Karin J. H. Verweij

Genetic and environmental influences on cannabis use initiation and problematic use: A meta-analysis of twin studies

BACKGROUND Because cannabis use is associated with social, physical and psychological problems, it is important to know what causes some individuals to initiate cannabis use and a subset of those to become problematic users. Previous twin studies found evidence for both genetic and environmental influences on vulnerability, but due to considerable variation in the results it is difficult to draw clear conclusions regarding the relative magnitude of these influences. METHODS A systematic literature search identified 28 twin studies on cannabis use initiation and 24 studies on problematic cannabis use. The proportion of total variance accounted for by genes (A), shared environment (C) and unshared environment (E) in (i) initiation of cannabis use and (ii) problematic cannabis use was calculated by averaging corresponding A, C and E estimates across studies from independent cohorts and weighting by sample size.

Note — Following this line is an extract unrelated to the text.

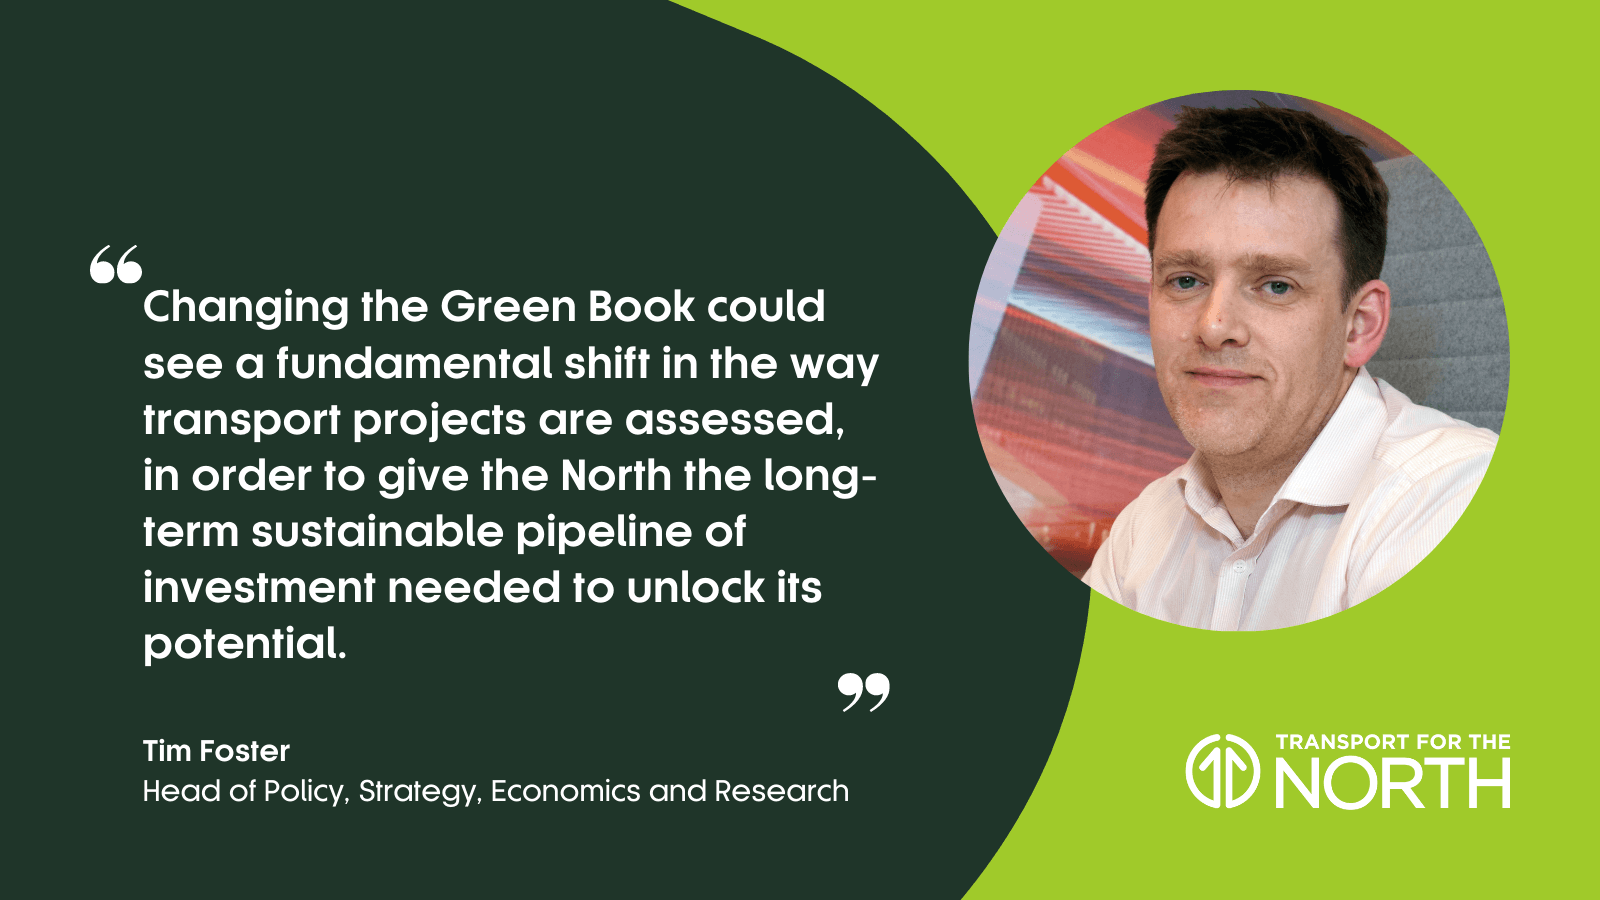 Changing the Green Book could see a fundamental shift in the way transport projects are assessed.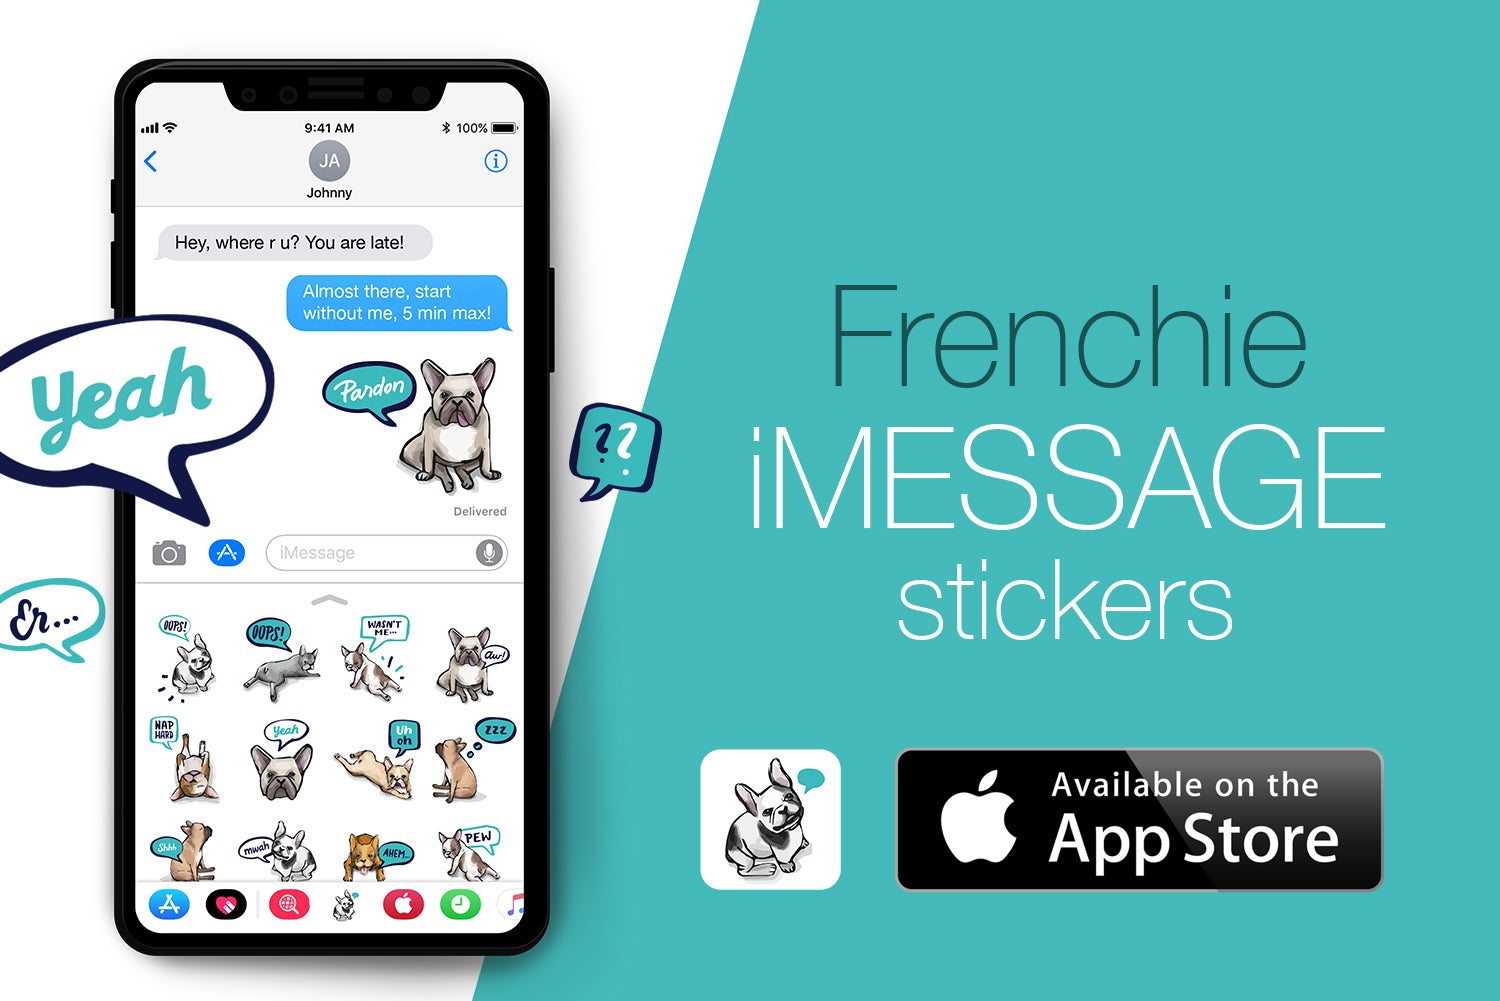 Frenchie for iMessage

RESULTS For cannabis use initiation, A, C and E estimates were 48%, 25% and 27% in males and 40%, 39% and 21% in females. For problematic cannabis use A, C and E estimates were 51%, 20% and 29% for males and 59%, 15% and 26% for females. Confidence intervals of these estimates are considerably narrower than those in the source studies. CONCLUSIONS Our results indicate that vulnerability to both cannabis use initiation and problematic use was influenced significantly by A, C and E. There was a trend for a greater C and lesser A component for cannabis use initiation compared to problematic use for females.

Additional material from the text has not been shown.